Tackling lipid biosynthesis of Mycobacteria

Rajesh Gokhale’s group has recently published the results of their study on how a recently discovered family of mycobacterial enzymes differs from their well known cousins found across all genera. The study demonstrates their importance as novel drug targets. They demonstrate how a subtle change in the amino acid sequence of the enzyme could determine the final outcome of catalysis by modifying rearrangements within the enzyme. In pathogenic mycobacteria, this large family of enzymes termed fatty acyl AMP ligases (FAALs) participate in the synthesis of complex lipids. These enzymes activate fatty acids to fatty acyl-AMP by coupling with a molecule of ATP, the cellular energy currency. The omnipresent FACLs, in contrast, extend this reaction by replacing AMP with a molecule of Coenzyme A. This seemingly minor difference in the reaction determines the ultimate fate of the activated fatty acid. Whereas FACL derived acyl-CoA caters for the routine metabolic needs like energy production by β-oxidation and phospholipid synthesis, FAAL derived acyl-AMP is channeled into complex lipids that confer virulent properties to this organism.

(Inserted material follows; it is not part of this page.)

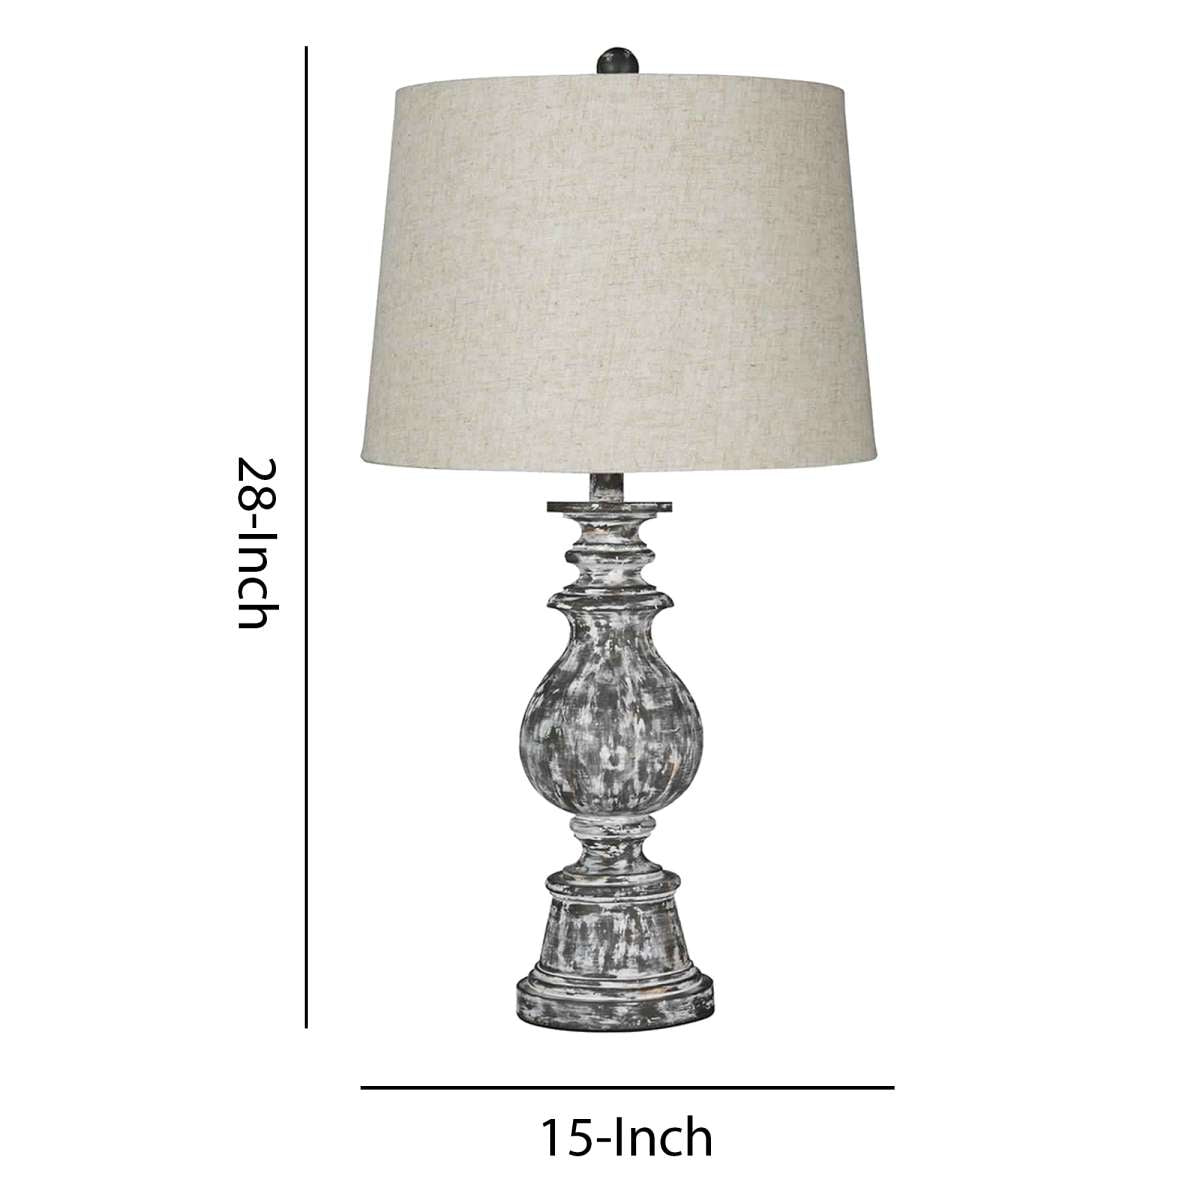 Pedestal Body Faux Wood Table Lamp With Tapered Fabric Shade,Set Of 2,Gray By Benzara

By employing a systems-based approach, the investigators have demonstrated how this enzyme family could be used as anti-mycobacterial targets. Simultaneous inhibition of many enzymes alters the delicate balance of lipids. Lack of these complex lipids alters the ultra-structure of mycobacteria rendering them vulnerable to environmental factors. From the point of view of drug discovery, this approach has immense potential, as a single compound simultaneously targets many pathways, most of which are essential for the mycobacterial virulence. With the emergence of multi-drug resistant strains and increased incidence of tuberculosis in patients suffering from AIDS, this discovery highlights a promising therapeutic strategy.